A new bankruptcy code is reshaping Indian business

A new bankruptcy code is reshaping Indian business


ENRIQUE IGLESIAS, a Spanish pop singer, plays an unlikely part in the story of Indian capitalism. His presence at a party to mark Vijay Mallya’s 60th birthday, in December 2015, was, literally, a showstopper. A flamboyant booze heir, Mr Mallya was then best known for founding Kingfisher Airlines, which had earlier imploded because of its debts. Given that he had personally guaranteed some of these loans, the self-proclaimed “king of good times” was assumed to have been chastened. Upon hearing of Mr Iglesias’s performance, bankers—and politicians—started asking how Mr Mallya had continued to live so large. The party had lasted for three days.

Mr Mallya is hardly the only embattled Indian tycoon to have cocked a snook at his bankers. Some “promoters” of companies, as founding shareholders of Indian companies are known, have long made full use of a loophole of local corporate law that thwarted banks’ attempts to seize companies in default on their loans. A bunged-up court system made foreclosure all but impossible, so owners of even the sickliest of companies could spend lavishly without fear of repercussions.

The party is now over. Mr Mallya fled to London soon after the bash (Indian authorities are trying to extradite him on charges of fraud, which he denies). But the spotlight on him gave fresh impetus to discussions about finding ways to reign in failed promoters. A new bankruptcy code entered into force in May 2016, and after almost two years of preparation, governs the final rulings on its first big cases this month. Tycoons who had once fobbed off bankers are now getting turfed out of companies they had held onto for decades despite repeated defaults. As a result the outlines of a fresh era in Indian capitalism are taking shape.

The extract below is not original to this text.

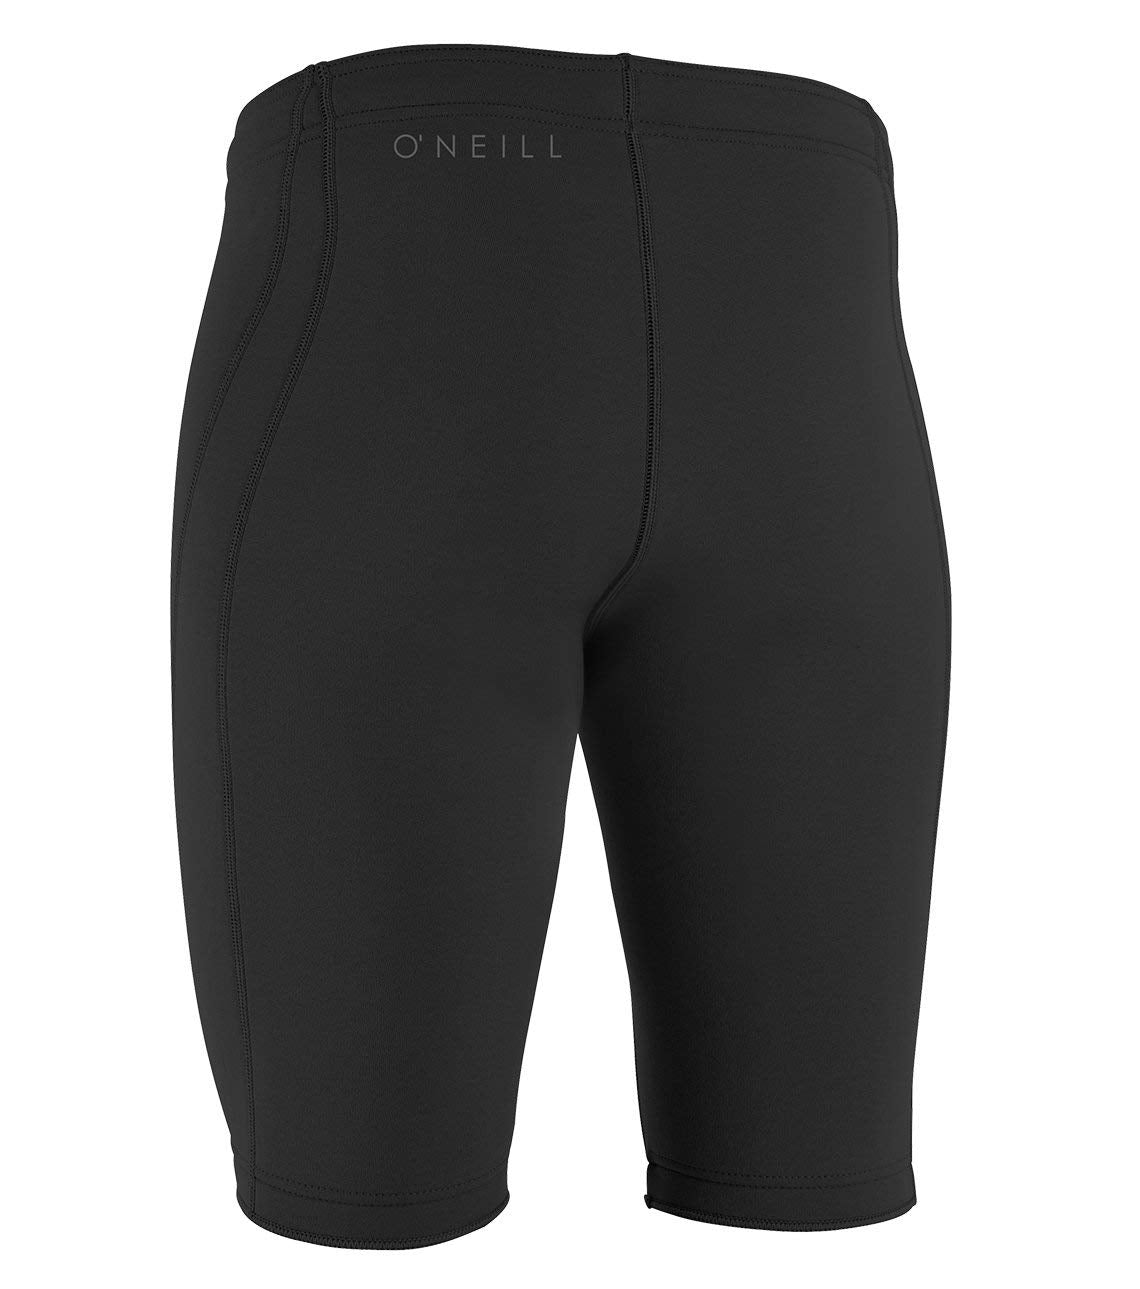 O'neill Premium Skin Shorts

The law is brutal for those who fall foul of their creditors. Promoters who have defaulted are explicitly banned from staying on as owners, following an amendment made to the code in November. If a firm is found to be insolvent by a specialised tribunal, the company’s board is in effect fired and an independent expert appointed to run the firm on behalf of its lenders. (In America, say, the owners of an insolvent firm usually continue to run it.) The new manager then prepares the company for fresh investors. If creditors cannot reach a deal in nine months, the business is liquidated and its assets sold for scrap—a bad outcome for all parties.

Before the code came in, promoters were able to stay on as managers in the stricken firms, which some unscrupulous moguls used as an opportunity to drain them of cash. Their position at the helm also gave them leverage in negotiations with bankers, who often had little choice but to agree to debt reduction.

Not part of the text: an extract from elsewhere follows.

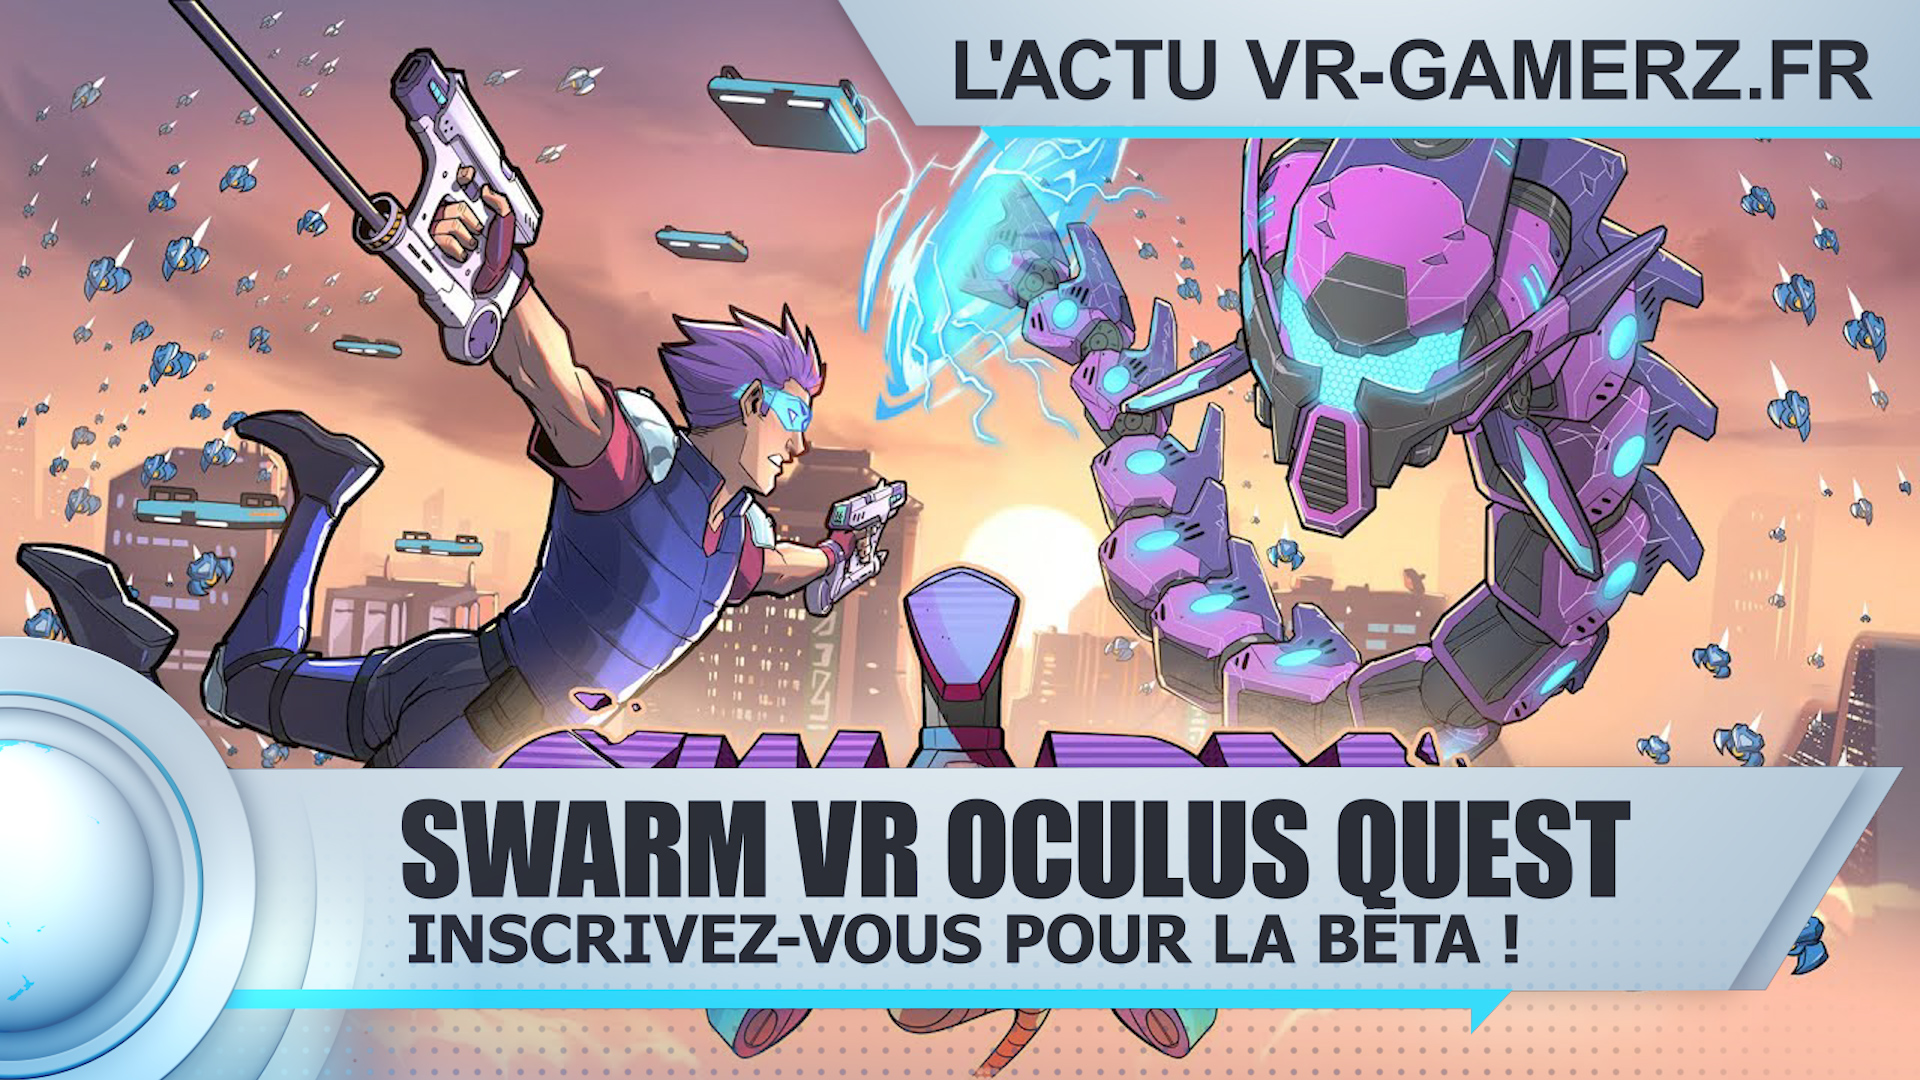 Swarm VR Oculus quest : Inscrivez-vous pour participer à la bêta

The result of the new regime, says Rashesh Shah of Edelweiss, an investment bank, has been lively auctions for companies once thought to be impossible to liberate from their promoters’ grasp. A dozen large firms, that were in effect pushed into bankruptcy by the authorities last summer and given nine months to sort out the mess, have attracted winning bids from far and wide, including from the Tata Group and Vedanta, a mining giant. Deep pools of capital, such as Canadian pension funds, private-equity firms and the World Bank’s commercial arm, are among those looking to buy “distressed” assets.

Just this dozen big cases account for around 2.2trn rupees ($33.4bn) of bank debt. That is about a quarter of all the loans banks have already admitted are unlikely to be repaid. Nearly all of the problems lie with state-owned lenders, which have long made injudicious loans to large industrial projects, such as shipbuilding, steel or infrastructure, which have proven especially prone to default.

A further pipeline of 28 cases is due to be resolved by September, accounting for another 2trn rupees or so of bad loans. These include coal-fired power plants that are uneconomical to run, for which liquidation is a real possibility. All told, over 1,500 companies are said to have been deemed insolvent by the courts. The cases of several thousand more are pending.

The consequences are still being gauged. Lots of “zombie” companies which ambled on for years despite being unable to repay their debts may be acquired by healthier firms or closed down. Such consolidation will bring industry-wide benefits. And the share prices of firms owned by promoters with reputations for transparent corporate governance are already trading at a premium, says Sanjeev Prasad of Kotak, a bank.

But the disruption will have short-term economic costs. Many healthy firms deciding whether to build plants are waiting to see if they can buy distressed assets on the cheap instead, which prolongs a depression in the investment cycle. State-owned banks face hefty losses. Except for steel plants (which have returned to profit thanks to a resurgence in metals prices), investors sniffing out bargains are offering to buy bankrupt firms for less than half the face value of their outstanding loans, says Ashish Gupta of Credit Suisse, another bank. In one instance banks got just six cents on the dollar.

The bankers’ current pain will be the system’s future gain. The aim of the new law is as much to prevent future wrongdoing as to recover outstanding loans. Ashwini Mehra of Duff & Phelps, an advisory group, says promoters now approach banks well ahead of potential insolvency, in the hope of working something out before it is too late. That is an encouraging sign that the balance of power between debtors and creditors is shifting. “If you failed in business before, nobody thought there was a price to pay,” says Raamdeo Agrawal of Motilal Oswal, an asset manager. “Now, people aren’t so sure.”